Use the Collis and Montgomery corporate strategy model to describe the Newell corporate
strategy. In particular :
What are the common denominators of Newell's businesses, of, for example, their
markets, strategies and operations?
What are the critical corporate resources at Newell that are shared by or transferred
among the businesses?
How does Newell corporate handle the coordination and control of the business units?
Does the Newell corporate strategy create corporate advantage?
2. What makes a good acquisition target for Newell? What does success in newellization
depend upon?

3. Take the position of a member of the Newell Board.
On the basis of your understanding of Newell's strategy and the newellization process,
does Rubbermaid look like a good merger prospect?

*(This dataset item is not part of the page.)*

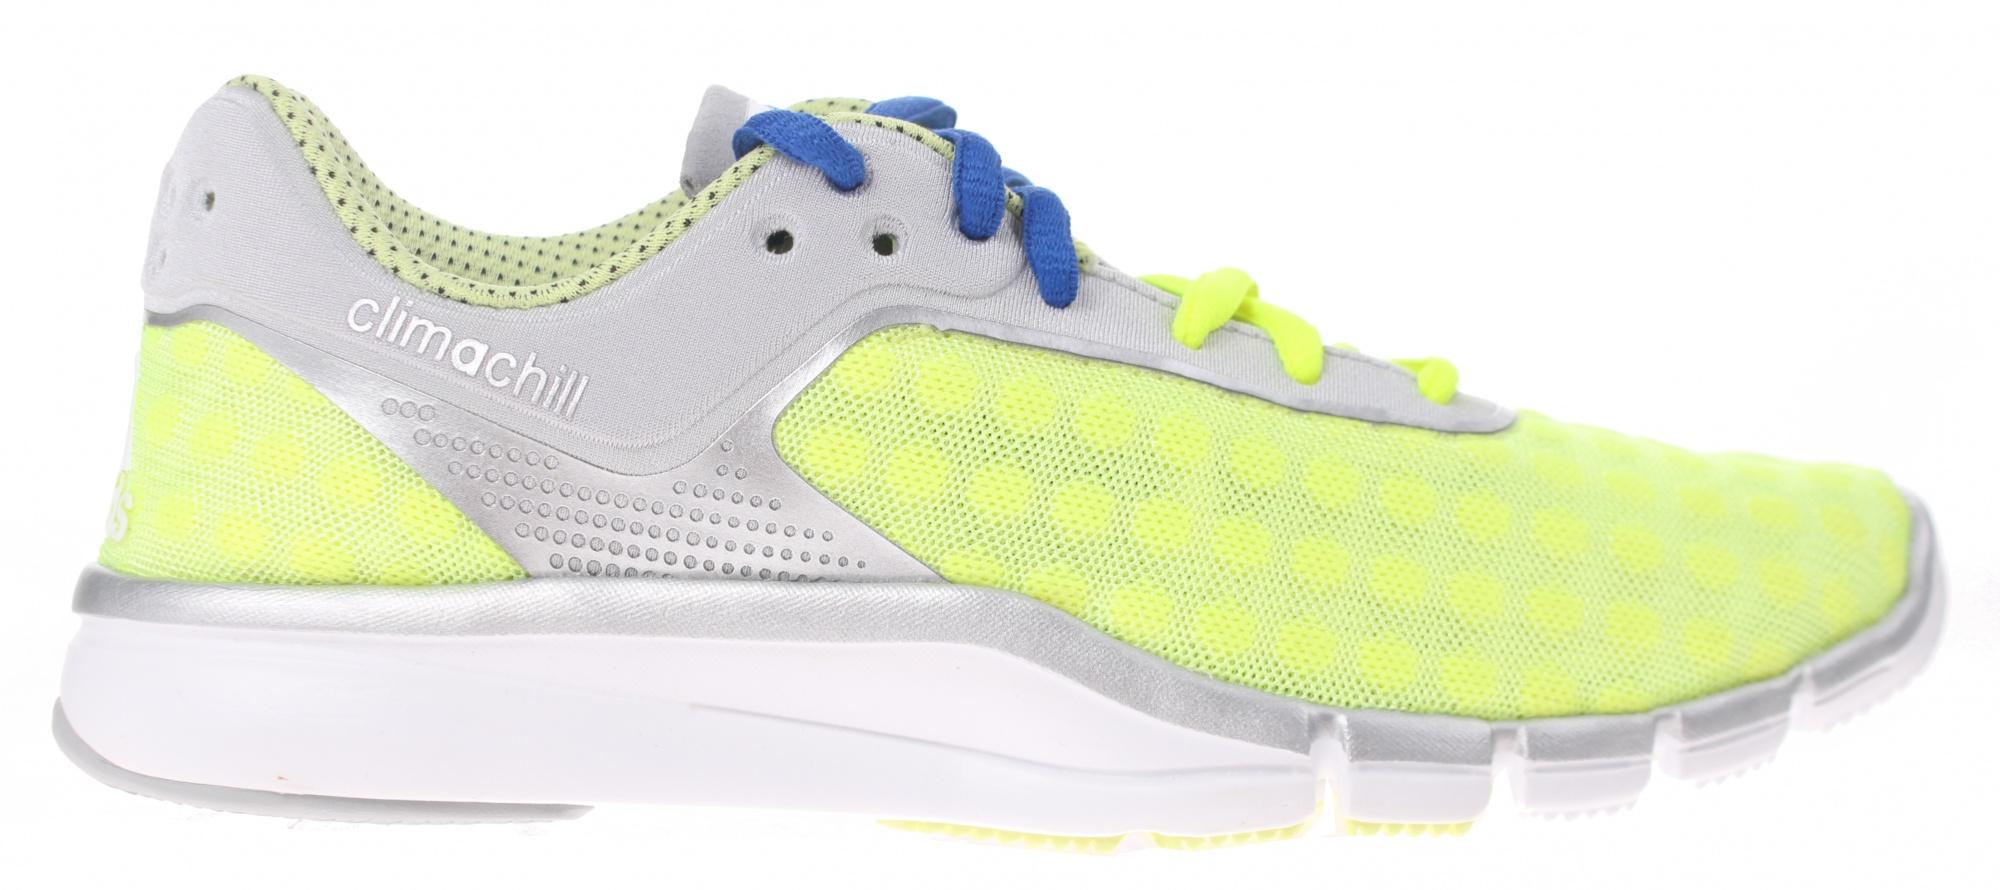 Schuhe Netz Netz Adidas Adidas Schuhe Damen Damen Adidas

Are the projected benefits of the merger credible? Is the proposed price reasonable?
Are the risks acceptable?
How would you vote on this matter?

Common denominators for Newells businesses
- Mature businesses with unrealized profit potential
- Product lines were low in technology, fashion and seasonal content.
- Sold through mass distribution channels
- Established shelf space with major retailers
- Long product life cycle
- Had the potential to reach newels standard of profitability
Critical corporate resources
- Superior service to its mass merchandise customers
- Industry leading quick response
- On time in full delivery
- Ability to implement sophisticated tie ins with customers extending to vendor managed
inventories
- Provision of marketing and merchandising programs for product categories that
encompassed good better and best lines
Coordination and control
- It transfers critical resources across the firm without undermining the independence of its
business units
- It creates a talent pool and members move within the divisions bringing their operational
knowledge from the old place to the new.
- The only things shared is the data management system EDI.
- Newell does both operational as well as cost control.
- Operational control is done by leveraging the experience of its senior managers who bring
many efficient practices to the table
- Cost control is done by adhering to strict goals for operating margins of 15% and SG&A costs
of 15%
Yes newells corporate strategy creates a strategic advantage because there is a fit between the parent
and the businesses that it acquires and it creates tangible value addition to the businesses it acquires.
When a company's resources are critical to the success of its businesses, the result is competitive
advantage. When the organization is configured to leverage those resources into the businesses,
synergy can be captured and coordination achieved. Finally, fit between a company's measurement and
reward systems and its businesses produces strategic control.